Aldi nix, Kaufland nix, Penny nix. Na dann halt morgen. Morgen wieder nix und übermorgen auch nix. Zur Sicherheit nehme ich einen 4er Pack Küchenrolle mit. Die Damen im Büro rollen die Augen. Warum bloß? Zu wenig Duft, zu hart, zu breit? Ich denke: Egal, besser als nix! Hauptsache Durchstechsicher! Und wenn nichts mehr da ist, nutzen wir eben die alte Tageszeitung.

Man(n) denkt sich, hat die Mehrheit der Menschen inzwischen einen Corona bedingten Klopapierkoller oder gibt es bei WhatsApp ein aktuelles Fetisch-Video, welches mir noch unbekannt ist?

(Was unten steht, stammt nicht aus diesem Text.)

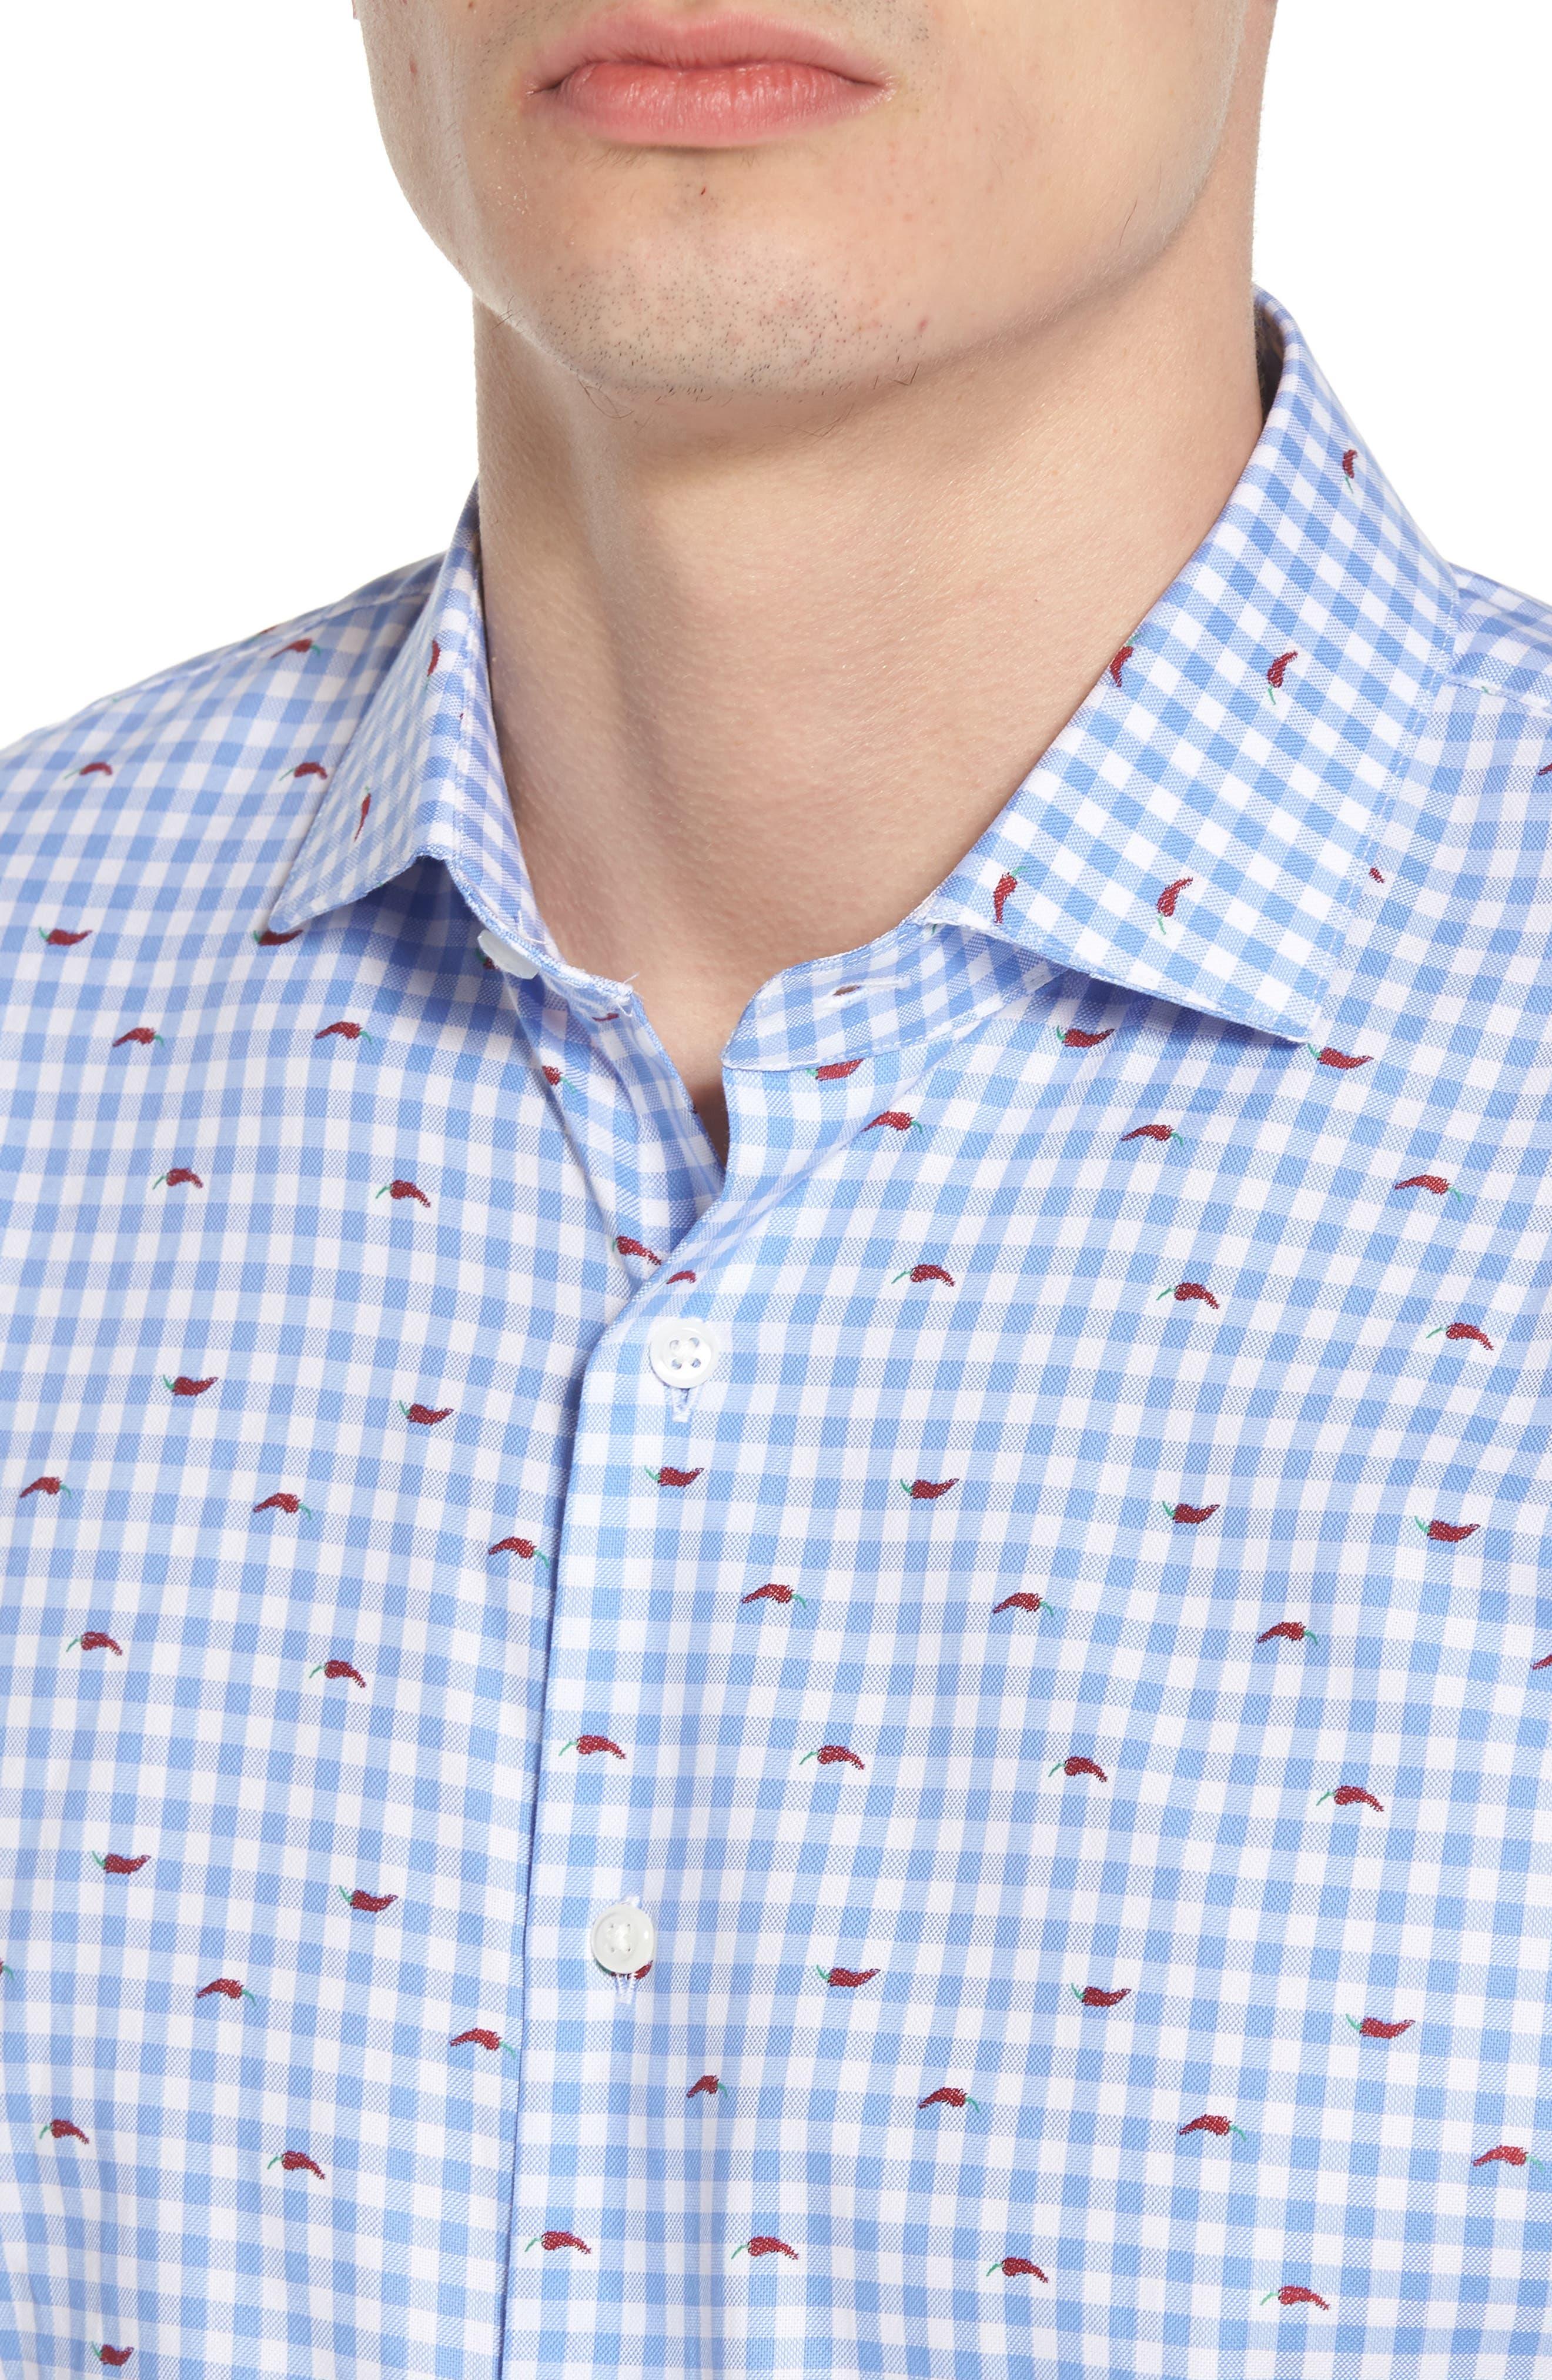 Trim Fit Gingham Chili Pepper Dress Shirt,                             Alternate thumbnail 2, color,                             Blue Hydrangea

Auf Arbeit ist im Grunde genommen alles wie immer. Nur das Händeschütteln wurde eingestellt, wir halten sehr viel mehr Abstand zueinander, der Paketbote unterschreibt jetzt selber, Mitarbeiter von Lieferanten arbeiten im Home-Office, fast jeder mit dem man spricht, macht sich Sorgen –egal ob um die Gesundheit oder die wirtschaftliche Zukunft.

Dann kommen Gedanken auf:
Wie lange hält dieses Kontaktverbot noch an? 
Wie viele kleine Unternehmen werden daran kaputtgehen?
Wie viele Menschen werden ihren Arbeitsplatz verlieren?
Bekommen wir das alles wieder in den Griff und wenden wir es zum Guten?
Wird Politik und Wirtschaft aus der Krise Schlüsse ziehen und einiges ändern (z. B. mehr Medikamente, Schutzmasken und -bekleidung wieder in Deutschland produzieren lassen)?
Wird die Menschheit daraus lernen und vielleicht mal einen Gang zurückschrauben?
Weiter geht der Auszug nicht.